Statistical Procedures

Descriptives statistics, including mean and standard deviation scores, and dispersion (skewness, kurtosis, and Shapiro-Wilk) statistics were initially examined for all BYSAS items across all three points. According to Mishra et al. [23], an absolute skewness value ≥ 2 or an absolute kurtosis ≥ 4 may be used as reference values for determining considerable nonnormality (see also [24]).

All Confirmatory Factor Analysis (CFA) models were conducted using Mplus (Version 7) software [25]. As will be evident by now, there are five response categories for all the six items in the BYSAS uses. Although these scores are ordinal, they can be treated as continuous as there are five response options [26, 27]. Due to pronounced nonnormality in the ratings for the BYSAS items (refer to Supplementary Table S2), coupled with the underrepresentation of response category 5 [26, 27], our data was treated as ordinal. This decision was further influenced by previous studies demonstrating that the endorsement of the originally proposed one-factor model was more apparent when data was treated as categorical or ordinal, with the WLS or DWLS (called WLSMV in Mplus) estimator used as the extraction method. Consequently, the weighted least square mean and variance adjusted chi-square (WLSMV) estimator was employed in all CFA analyses. Recognized for its distribution-free and robust qualities, particularly suitable for ordered-categorical scores, the WLSMV estimator corrects for non-normality in the dataset [25]. This choice was favored over WLS estimation, which requires larger sample sizes and is more computationally intensive [28].

Prior to the tests for longitudinal measurement invariance, one-factor BYSAS models were assessed for fit separately at each time point (Time 1, Time 2, and Time 3). For these models, the ratings for all six items were loaded on a single latent factor, and the error variances were not correlated. Also, for identification, the variances for the first items were fixed to one.
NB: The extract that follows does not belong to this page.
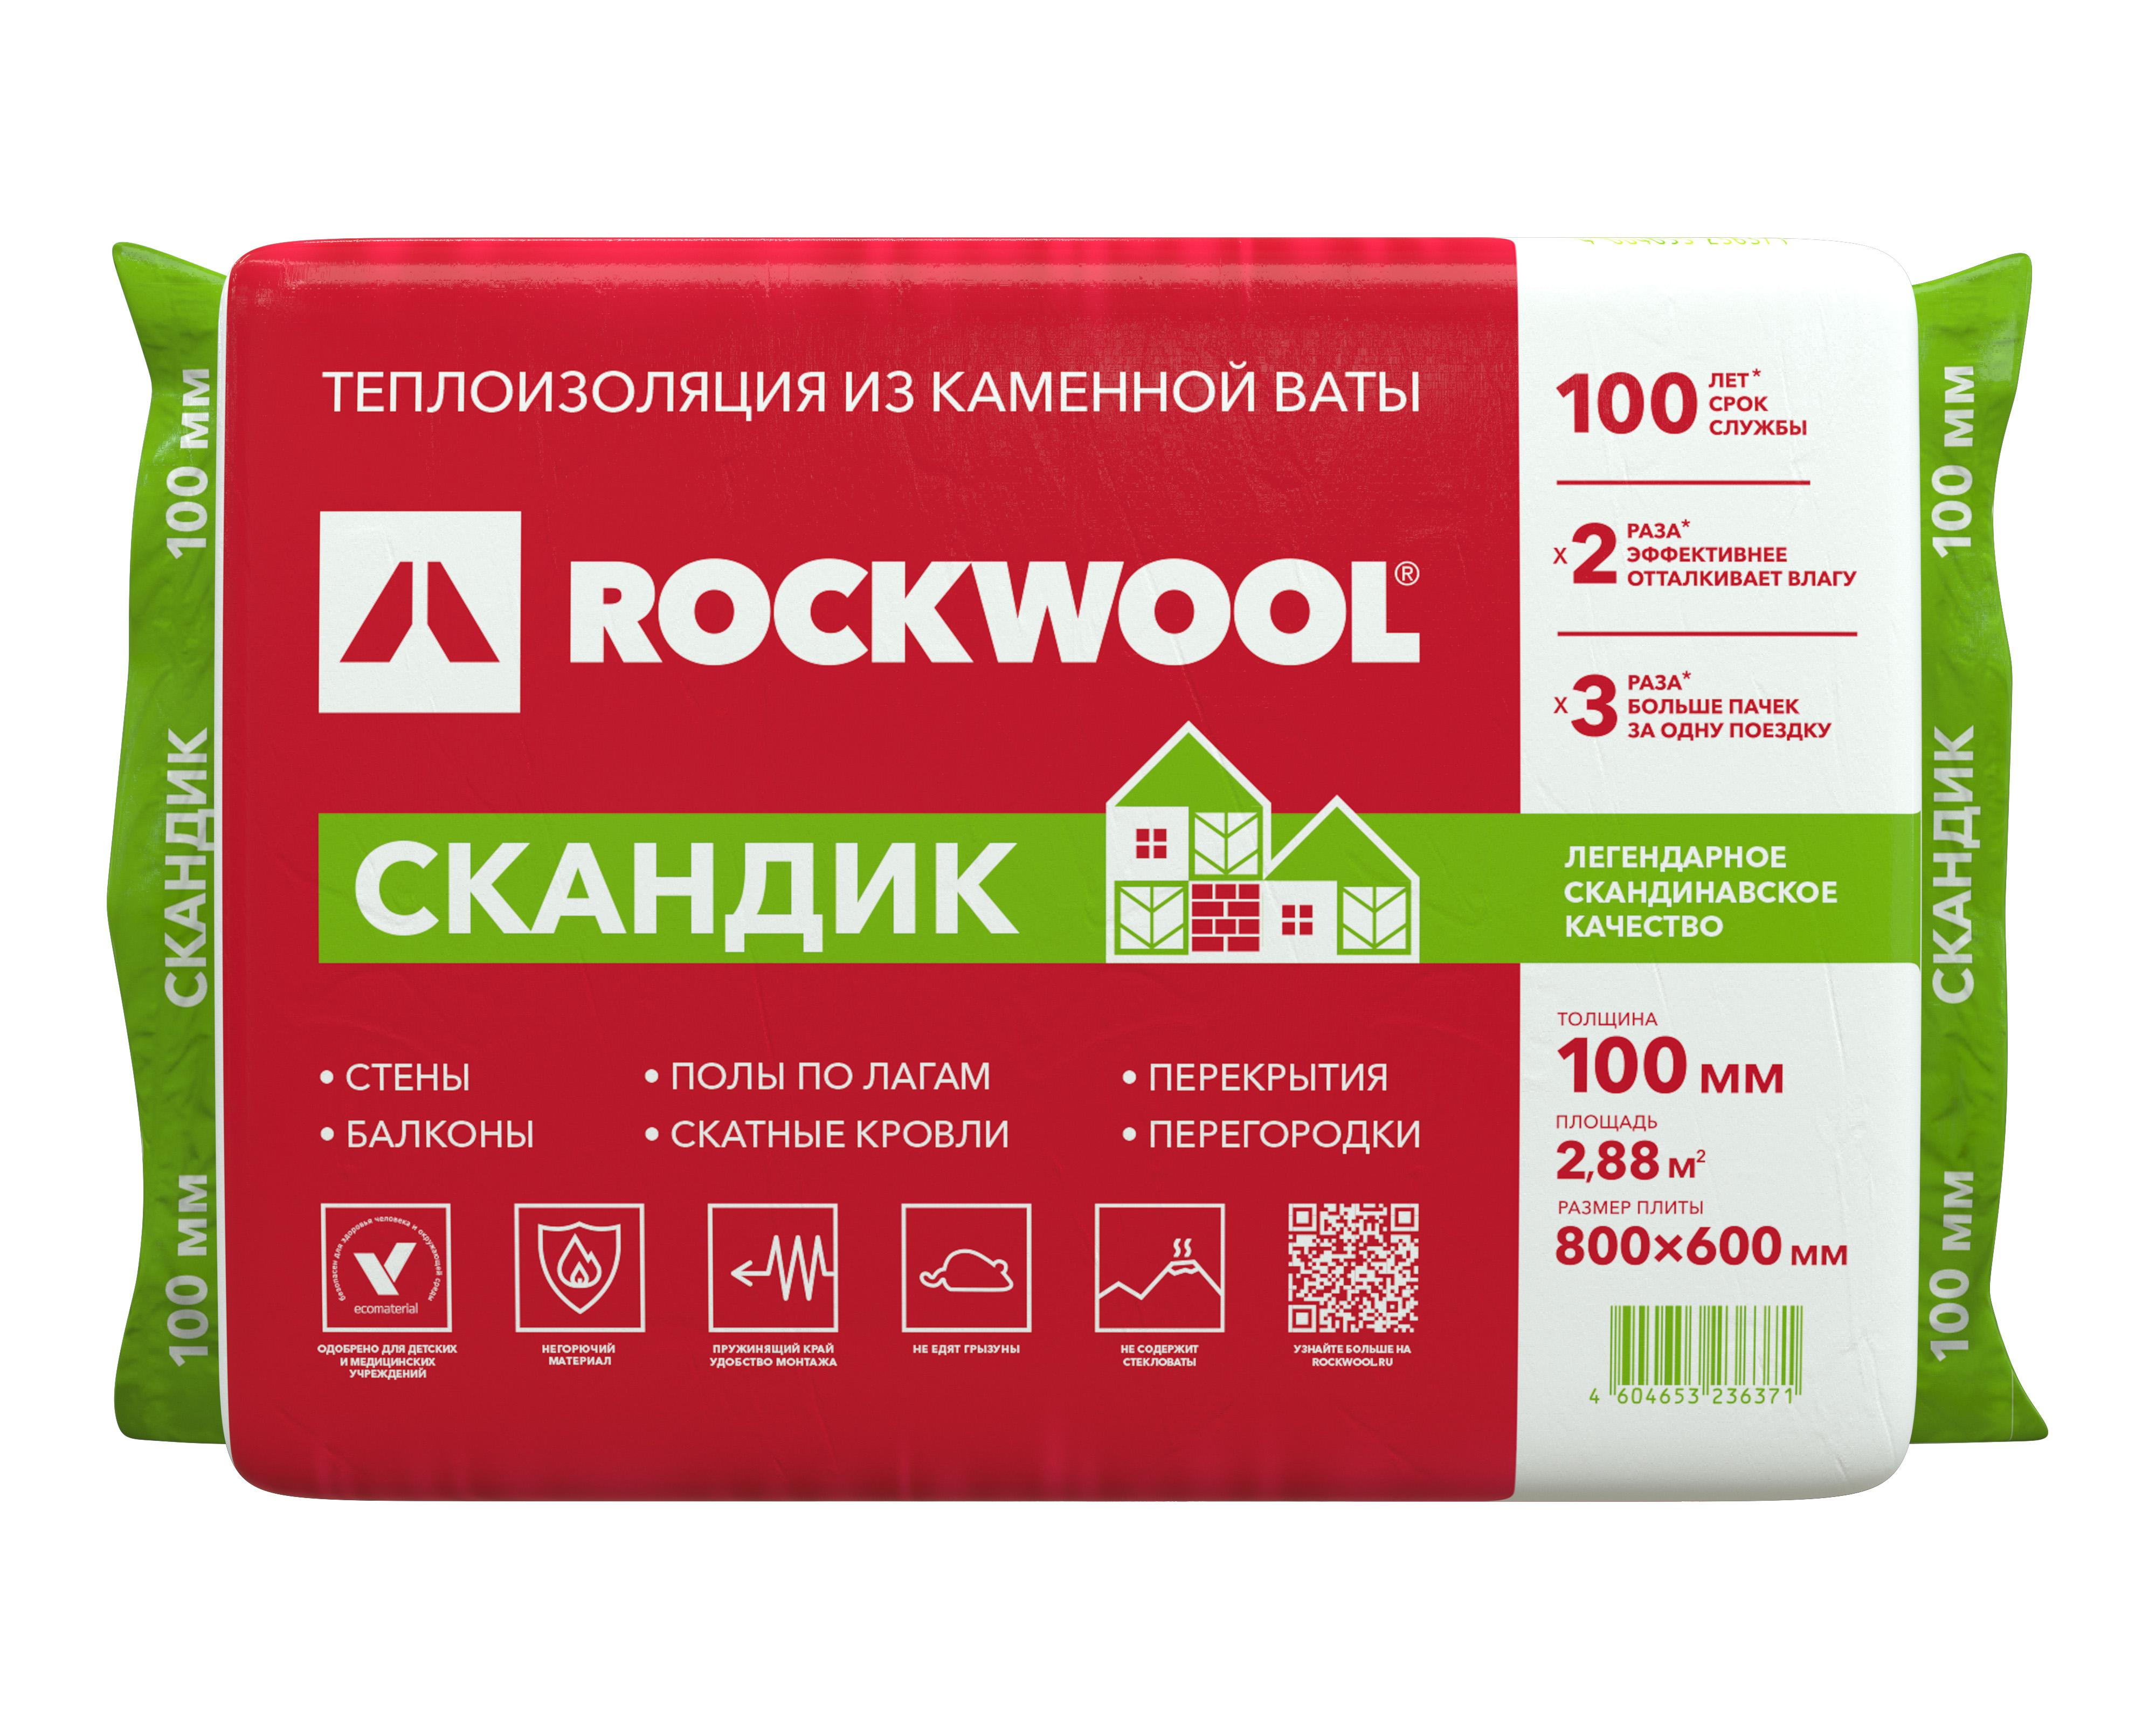 Лайт баттс скандик rockwool - удобный материал для утепления
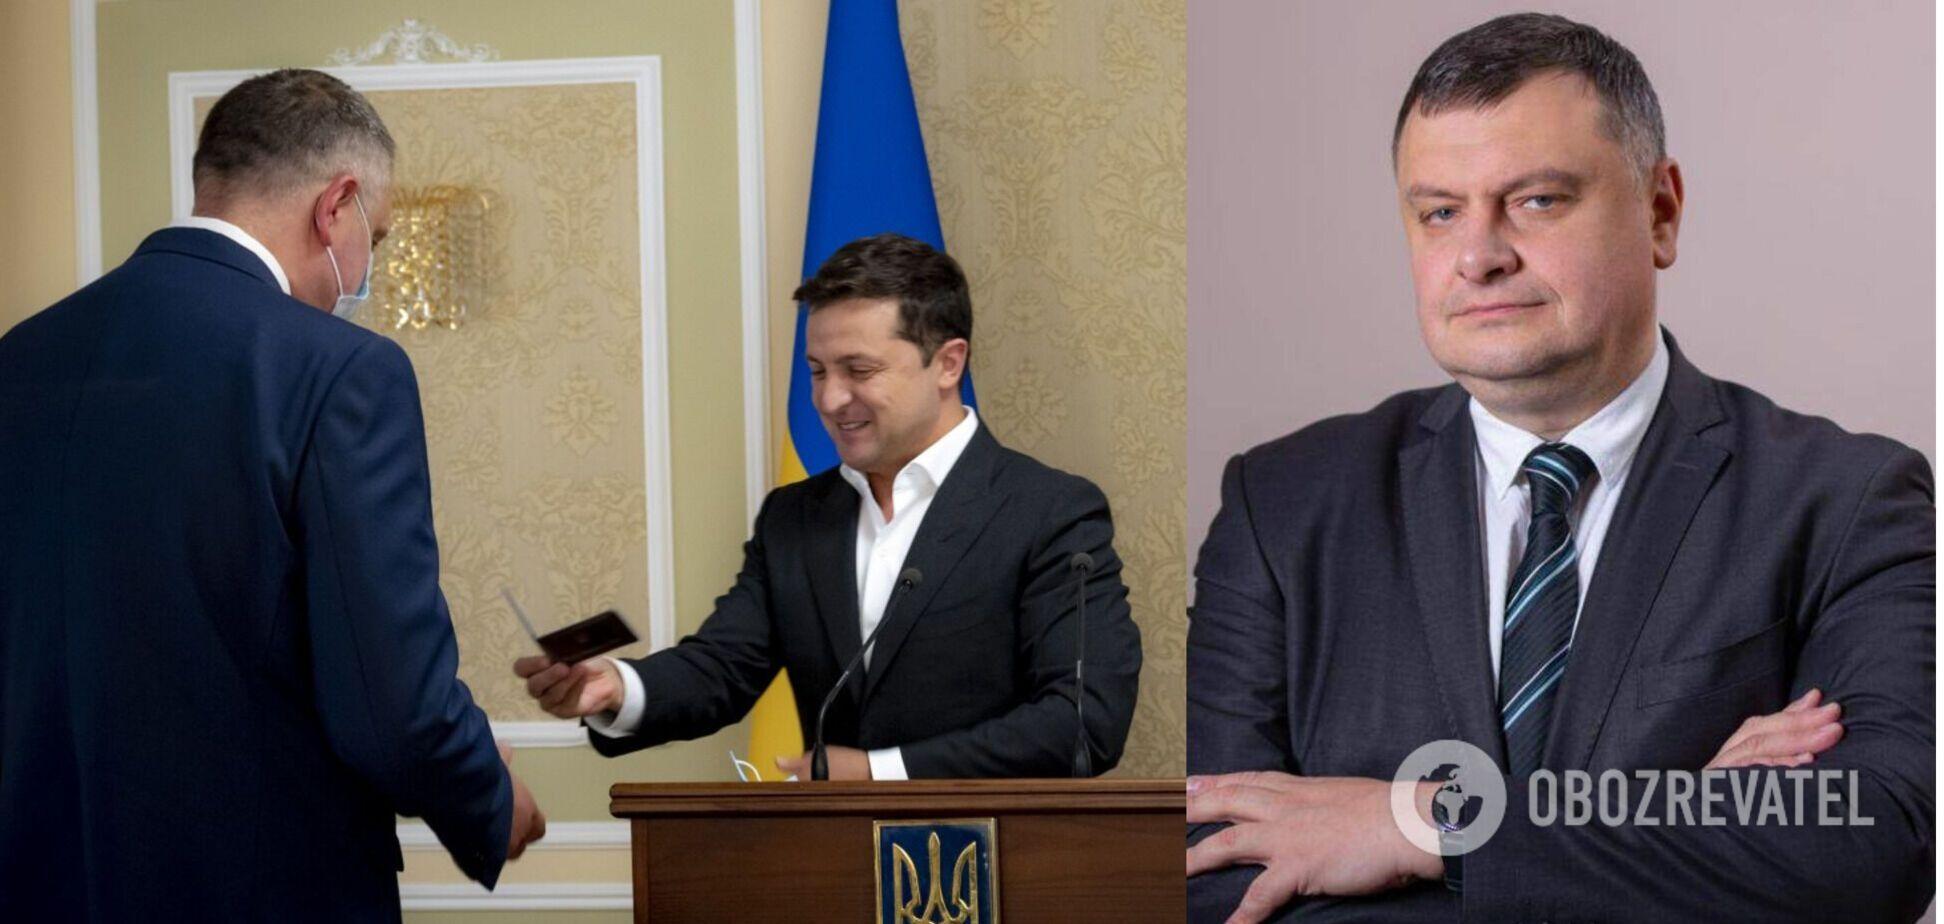 Зеленський представив нового главу Служби зовнішньої розвідки і назвав його головне завдання. Фото

In assessing longitudinal measurement invariance of the BYSAS scores across three-time points, the analysis initiated with a configural invariance model to ensure a consistent factor structure over time. Subsequently, evaluation escalated to metric/loading invariance by constraining the factor loadings across time points to be equal, thus verifying the constancy of item-factor relationships. Scalar/threshold invariance was then tested to ensure uniform item thresholds across the time intervals, essential for comparing latent traits. Following this, uniqueness/residual invariance was assessed to confirm equal measurement errors across time points. Structural invariance regarding latent factor variances and covariances was also examined, affirming stability in the relationships and variability of latent constructs over time. These invariance levels were sequentially validated using the WLSMV estimator in Mplus, ensuring that each model’s fit did not significantly deteriorate compared to its less constrained predecessor. This hierarchical testing approach, leveraging the robustness of the WLSMV estimator, enabled a rigorous examination of the BYSAS’s longitudinal measurement invariance, affirming its utility for reliable comparison across time points.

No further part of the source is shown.